Woman fights off leopard attack with farm tool

Kalama Devi, 54, fought off a leopard using only a sickle. The widow and mother of one is said to have fought the animal for a half-hour before being able to escape. She is recovering at a local hospital.



NEW DELHI (CNN) -- The fight is said to have lasted a half-hour and pitted a leopard against a woman armed only with a farm tool in an isolated field in India.

Kalama Devi, at 54 years old, won.

Devi, a widow and mother of one, has been telling her story from a hospital bed in Srinagar, in Uttarakhand state, where she's being treated for fractures, swelling, scratches and cuts to her skull that have required 50 stitches.

"I held the leopard with my hands, it then bit my hand and then left it. ... Both my hands are in immense pain and I am not able to lift them up," she said.

According to the doctor who's treating her, the leopard pounced about 10 a.m. Sunday as Devi, who had been cutting grass with a sickle, walked through a field in the village of Koti Badma, in the Rudraprayag district of Uttarakhand.

It fractured her left hand first, so with her right hand clutching the sickle she repeatedly hit the animal -- for about 30 minutes.



Exhausted and bleeding

She said she kept pounding the leopard until she ran out of energy, then, exhausted and bleeding, limped one kilometer to a nearby village to seek help, Dr. Abdul Rahul at the HNB Base Hospital in Srinagar told CNN.

Villagers found the leopard dead when they went to the scene of the reported attack, the doctor said.

It's not the first leopard attack in the area, Rahul said, though he added it was more common to see injuries as the result of attacks by bears.

Another woman was recently killed by a young male cat, which was shot dead by hunters, according to Digvijay Khati, chief wildlife warden in Uttarakhand.

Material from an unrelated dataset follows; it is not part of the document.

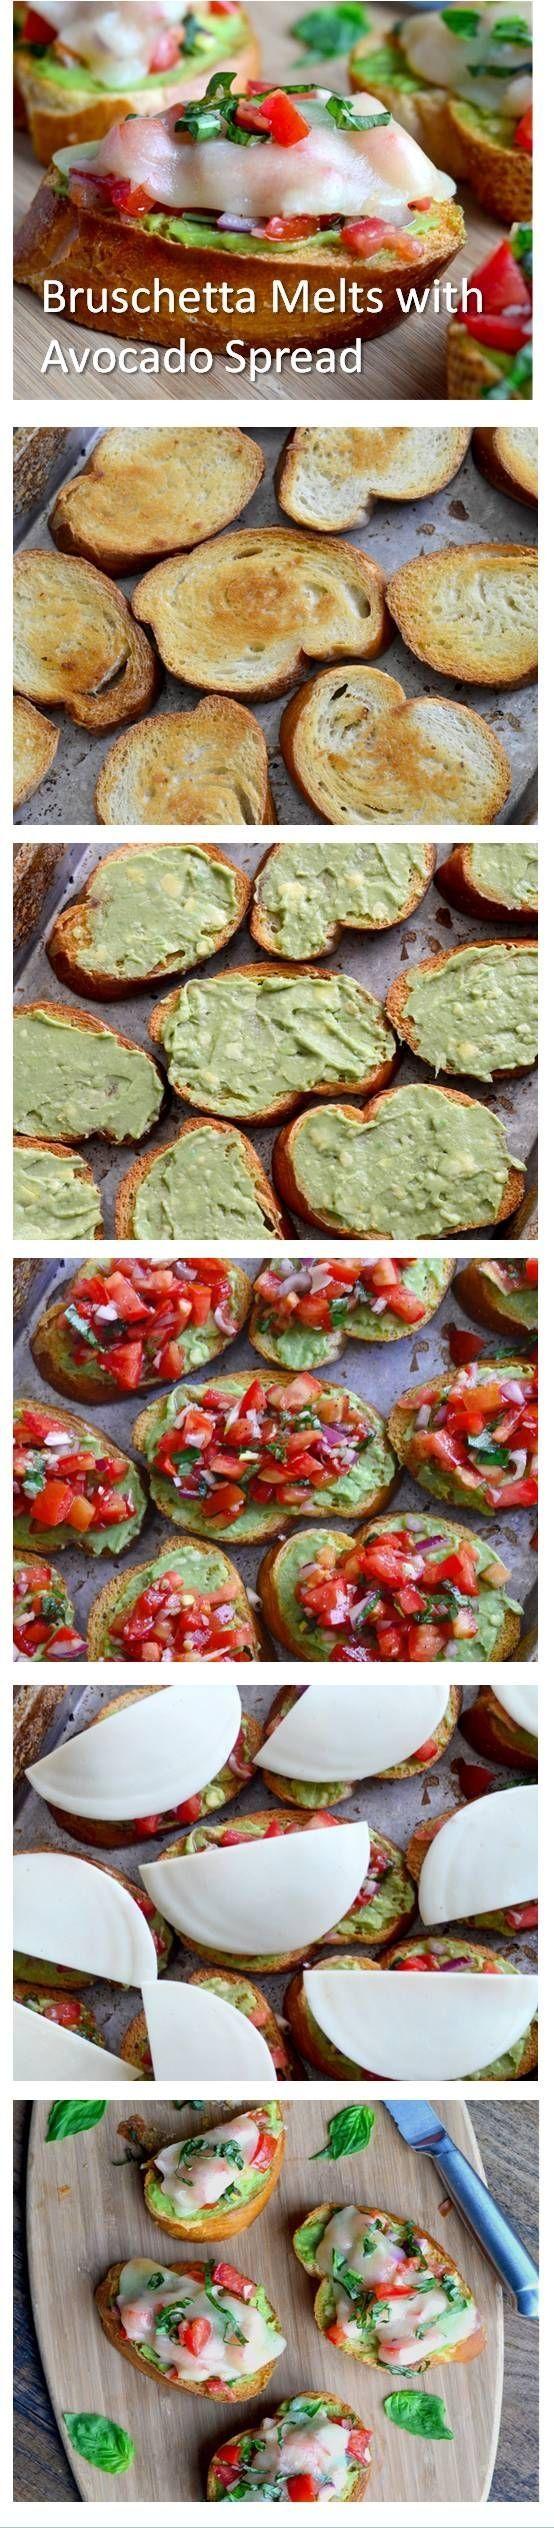 Italian Bruschetta Melts with Avocado Spread
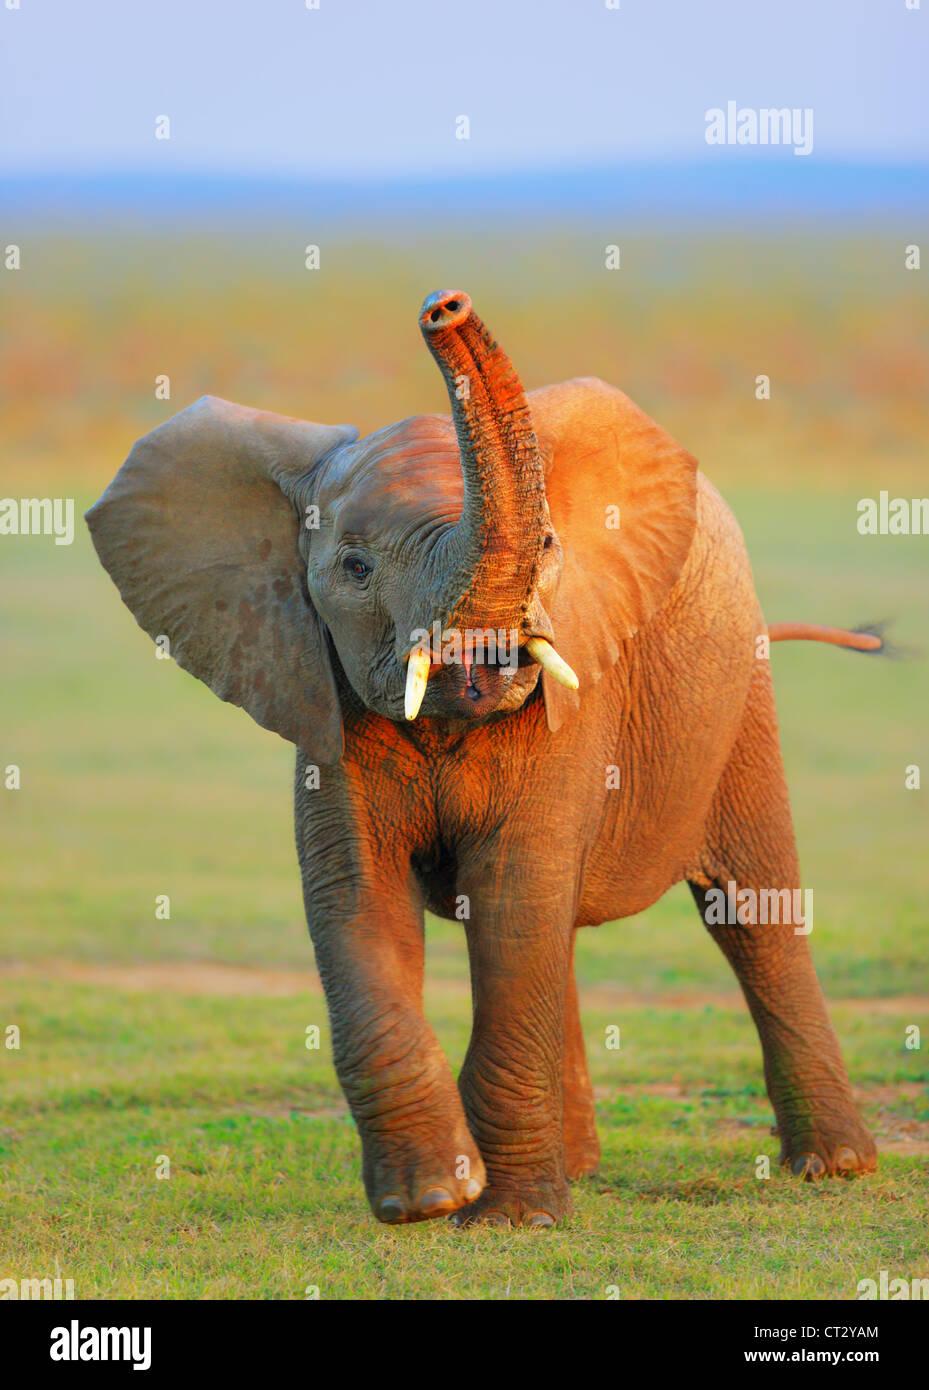 Baby Elephant con tronco sollevato - Addo Elephant National Park - Sud Africa Immagini Stock

"These are alarming incidents because usually leopards attack and kill dogs, goats or young children -- not adults," Khati told CNN.

He said the big cats' natural habitat is shrinking, and their natural prey are becoming scarce.

However, Khatis said, "We cannot say that the increase of human population in the areas is responsible, because attacks have even occurred where human population is less, and people are now moving out to the plains in search of work," he said.